During her Plenary Session presentation on Monday, Snowden described the almost alien of freight forwarding industry in the late 1970s, compared to today’s modern, more inclusive profession.
When she got her first job in 1979, “I’m not even sure I knew what a freight forwarder was,” she recalled. “My training consisted of a week of watching the night-operations staff as they loaded pallets.” Today, however, “Young people have wonderful opportunities to receive real training in this sector.”
More distressingly, “there were no women in the industry outside of sales in 1979,” Snowden said. “And I mean none!” In fact, she was not let into the Toronto Transportation Club until around 2000, when they finally changed their rules that had barred women from joining. “I think we have a number of women today who are not in clerical roles” and “we’re doing a fairly good job,” Snowden said, adding hopefully, “but I think we can do a little bit better than that.”
To date, changes in the industry have been coming gradually, from the fax machine of the 1980s – one of the first efforts to digitalize cargo data – to the Cargo Accounts Settlement System (CASS) of the 90s, to the barcode tracking of the 2000s. Soon, she warns, change may become overwhelming. “We’re facing a tsunami of change,” she said. “It’s going to be revolutionary.”

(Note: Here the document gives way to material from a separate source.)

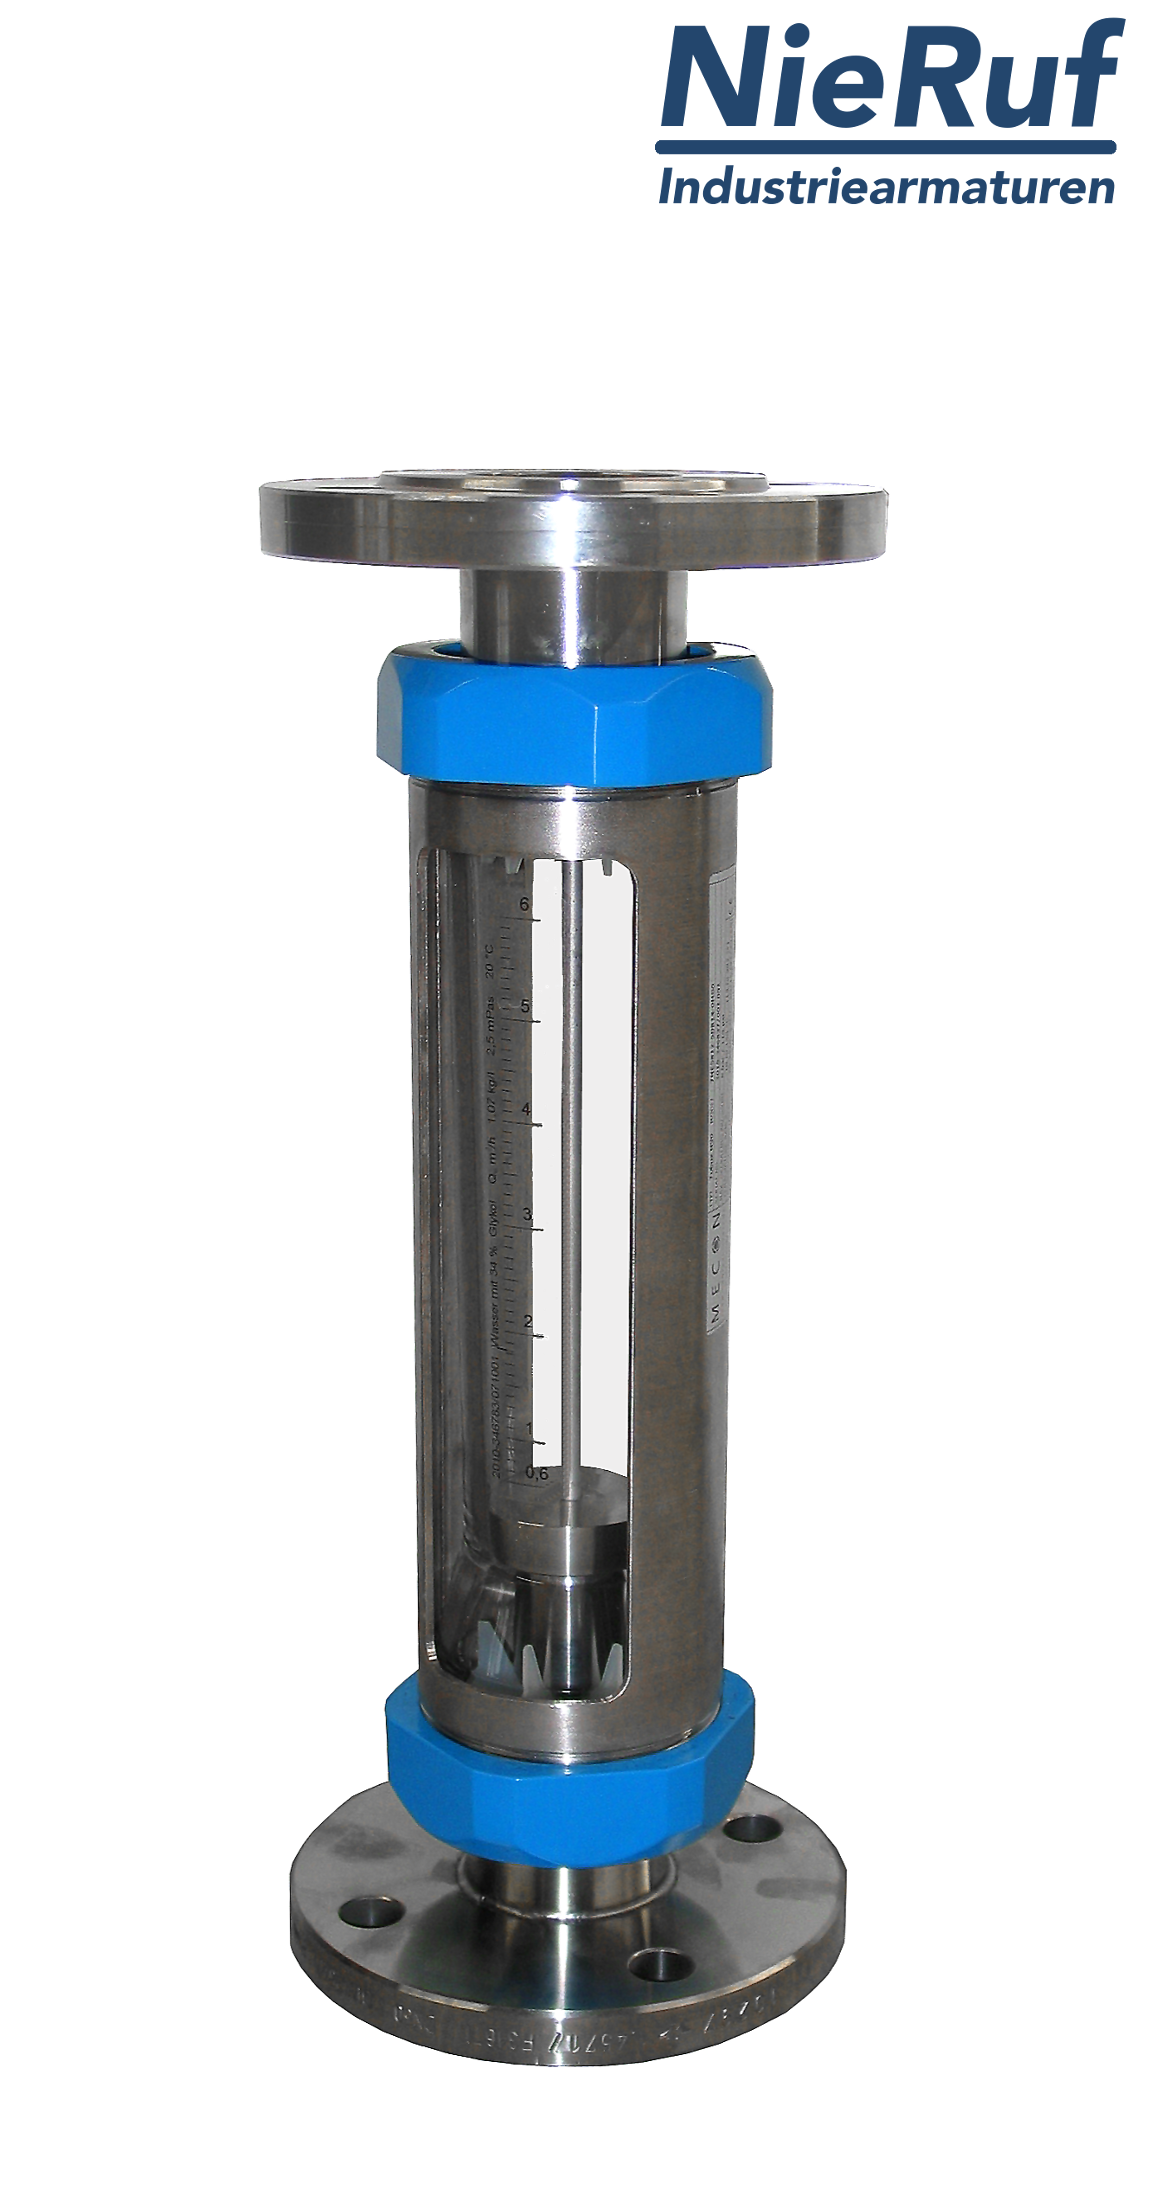 Variable area flowmeter stainless steel + borosilicate flange DN25 6.5 - 65.0 l/h water FKM

To ensure that the change coming on the horizon is successful, Snowden encouraged the adoption of what she calls the “Five C’s” of successful change: Collaboration, cooperation, communication, connectivity and commitment.
“We have to have stronger collaboration to build a consensus to implement this important change,” she said. “We have to work together to move cargo faster through our systems.”
For cooperation, “people have to want to see the change,” she said. “You can’t force them to cooperate.” Operations managers who focus only on results need to be convinced that change is good.
Communication and connectivity, being the most obvious, are probably moving forward the fastest with so many digital forwarders cropping up. Finally, there needs to be commitment to move forward. “We can’t afford to wait another 25 or 30 year to replace legacy systems,” she said.